Work order
Quote, word for word, only the lines running from the line with "Three abstract art" through the end of the listing. Leave out the pictures.

Exercise data
········
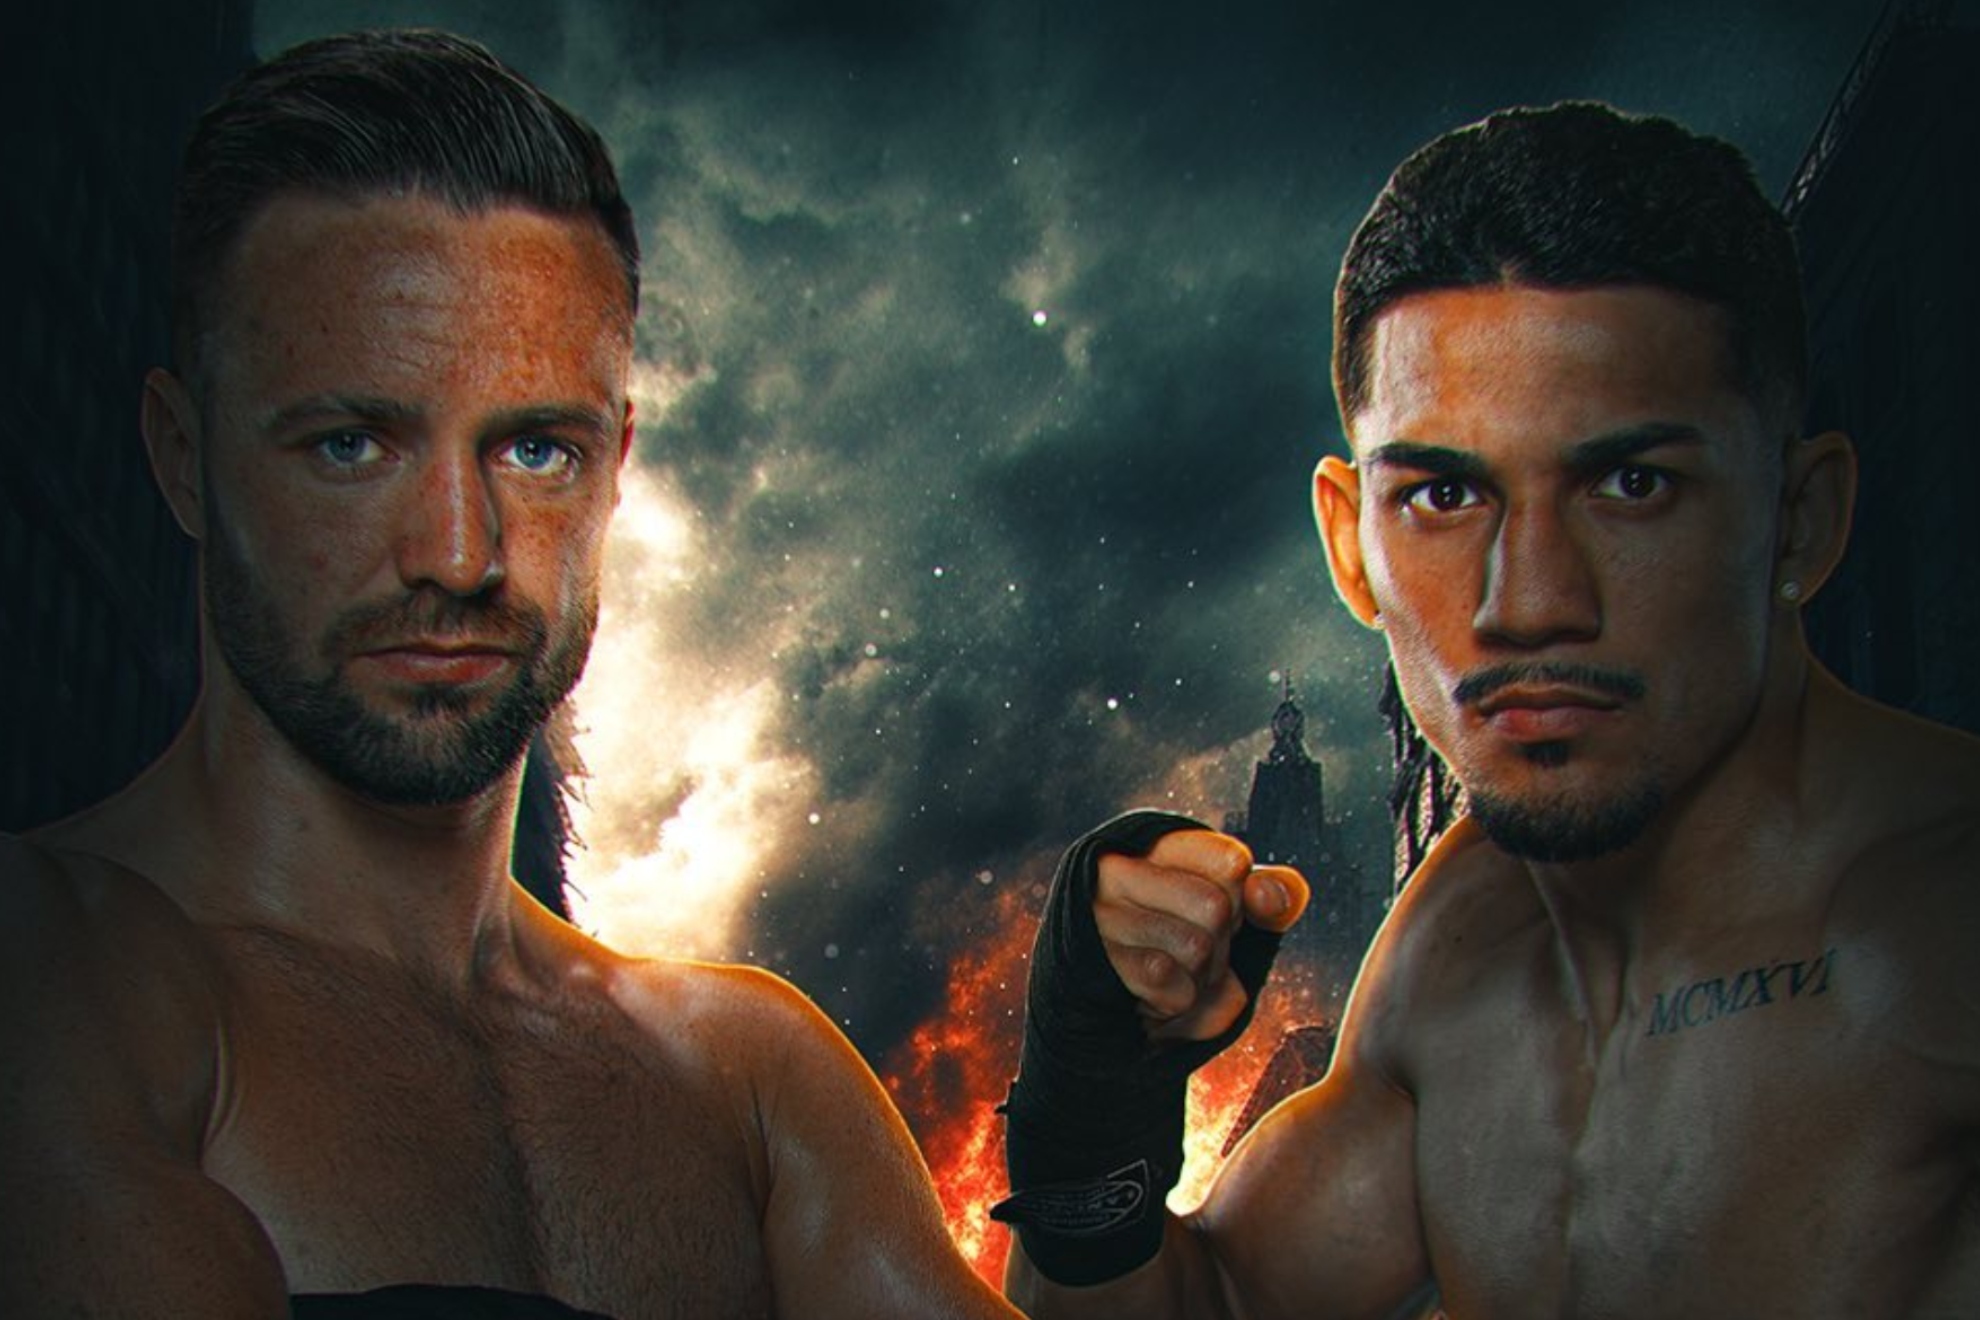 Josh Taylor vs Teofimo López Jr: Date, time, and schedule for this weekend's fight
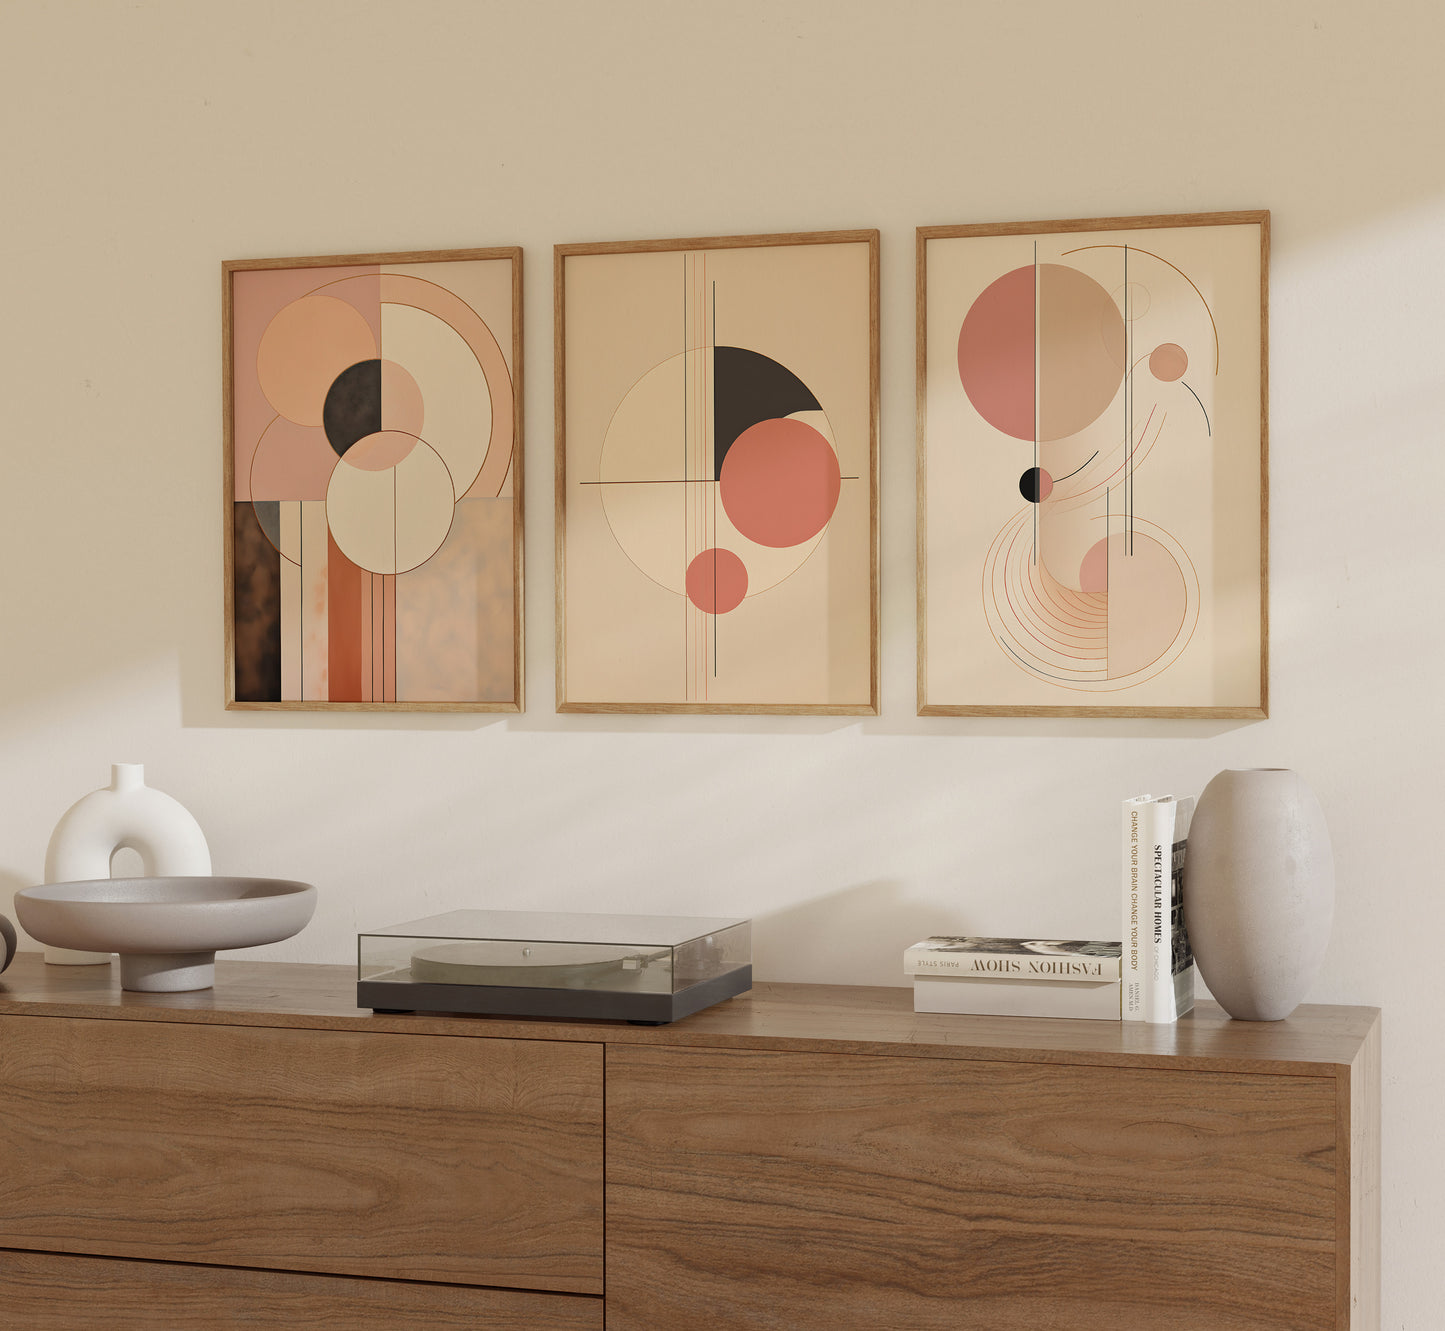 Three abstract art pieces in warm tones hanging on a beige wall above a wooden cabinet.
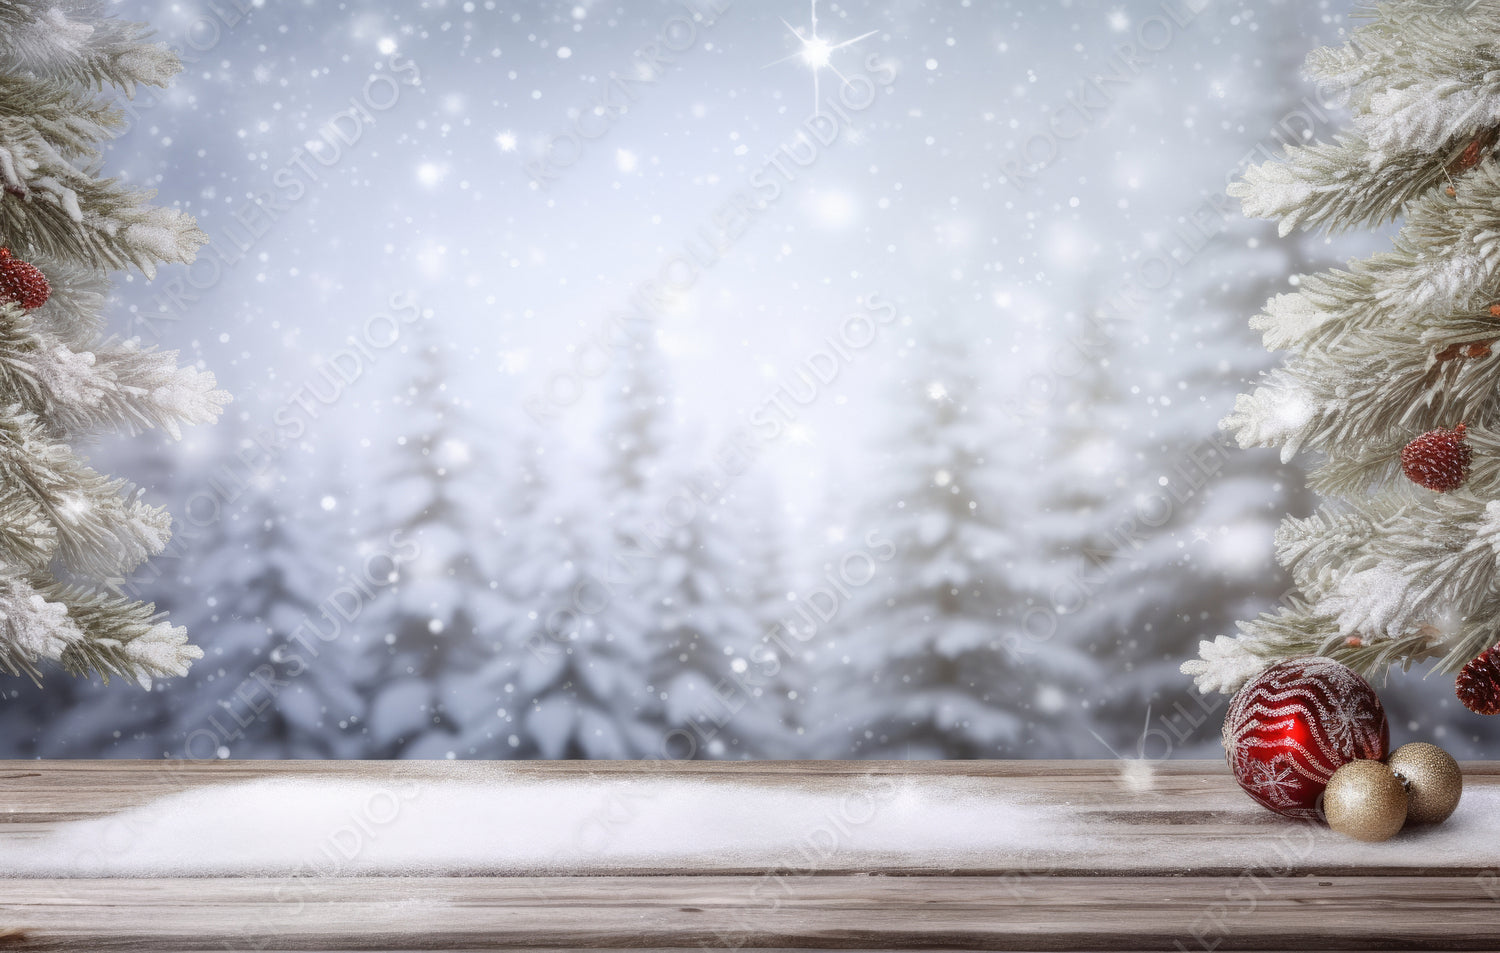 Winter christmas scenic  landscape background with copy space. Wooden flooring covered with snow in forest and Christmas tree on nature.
········
Result below
 Three abstract art pieces in warm tones hanging on a beige wall above a wooden cabinet.
 Winter christmas scenic  landscape background with copy space. Wooden flooring covered with snow in forest and Christmas tree on nature.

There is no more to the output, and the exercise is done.